A glance around. “Who was the other one then? The man who lifted me up in the maze?” She saw a handsome, but unchanging youth, a boy getting onto being an young man. He was lying asleep in a corner.
“We would otherwise grow lonely in the cold years between moots. We keep a companion to keep us company. He is the only male walker of the maze we have ever kept here. He satisfies our loneliness, when required. He is otherwise of no consequence.” She tilted her head. “I suppose, he also has the advantage of physicality. He can fetch what we cannot.” A slight curve of a smile spread over full purplish-pink lips. “But none of that is pertinent. For now, he sleeps. Tonight, he is not needed. Tonight we have other company.” That warm, sharply aware gaze smouldered again in her eyes as she smiled.
“So, are you going to keep me here?”
“If you wish. It is a choice, ever and always a choice, and it must be ever so. I cannot force it.”
“So… then… what if I choose to go?”
“Then you give up immortality, eternal youth, happiness, and great power. If you make that choice, we must compensate you, as the old laws are writ.
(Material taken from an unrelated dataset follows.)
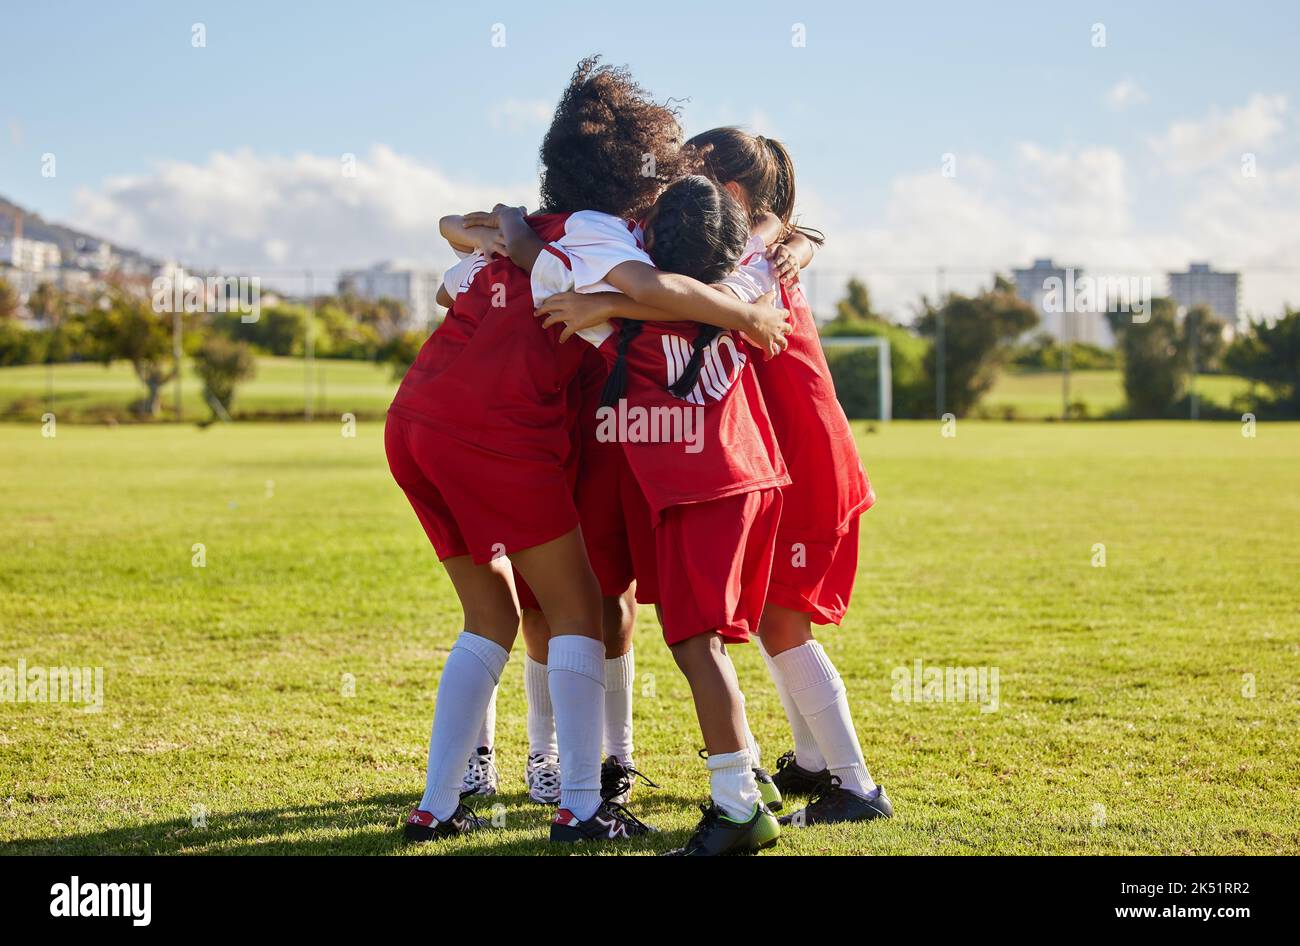 Children, football team and huddle of sports group together on soccer field for celebration of goal, winning and teamwork during a competition match Stock Photo
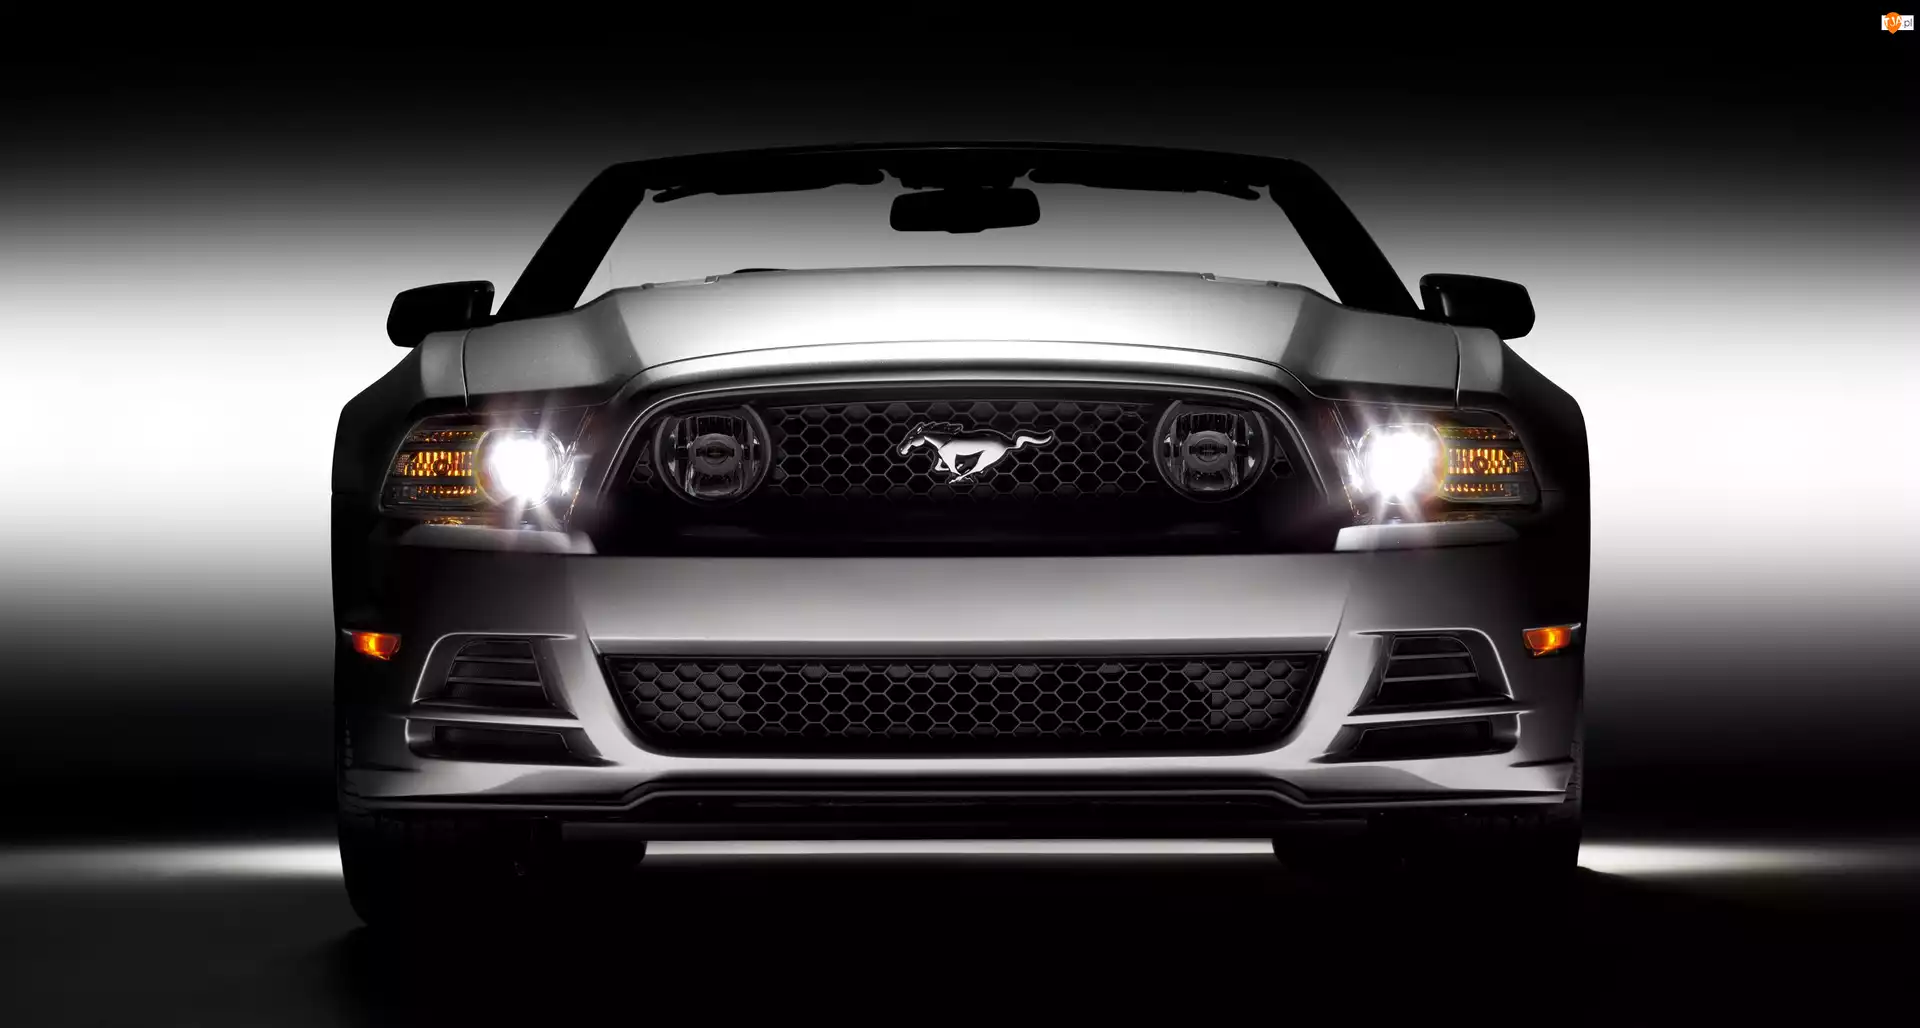 Ford Mustang GT, facelift

Those who make up their mind to leave are permitted three questions in payment, which we will answer truthfully inasmuch as we are able. Though, be well warned: the other half of the bargain is that you may never tell another of what you see, feel, touch, taste, or hear in our home. You may not speak it. You may not write it. You may not communicate it by words, spoken or graven, nor by spell-wrought images of the mind, nor by notions sent upon the magician’s winged will into another head. If you whisper a word of this meeting, you will be struck dead by curse and elder law. So it is. So it ever was. So it ever shall be. This is the bargain, and the bargain is inescapable. No distance is great enough, no power of demon, god or cosmic horror can protect you.”
“I see.” She frowned. “That seems a fair warning.”
“Fair is fair,” said the goddess as her features altered again. “And there naught fairer than the fair lady who watches the fair upon the tor.”
“That being so, I choose therefore not to stay. There are matters that I have to settle. Promises, that I have made.”
She nodded. “That is how we presumed you would choose. Truth be told, it is a relief to us, of a kind. You would have been… a disruption in the minds of the many. You are…” a considered pause now, “abrasive. Rough of edge. But, be that as it may be, you are thus and therefore allotted the three questions, which we will answer honestly and fully, as much as we are able.” A cunning sort of half-smile spread on her face as she shifted from fair-skinned to dark, to brown and gold and pale again. “For we are she who stitches the seven bright threads made of last year’s noonday stars into the contents of an empty pocket. We are she who knows where the flames go when they blow out. We can tell you where birds go when it rains. Where beasts of portent live between portentous times. We can make fabric from dawn at midnight. We can weave cloth of moonlight in the afternoon. A green oakleaf taken from a tree in winter. A drop of blood from a stone. A snowflake from a desert. These things are not beyond us. But, some things are. Ask wisely, Caewen of Drossel. Ask wisely.”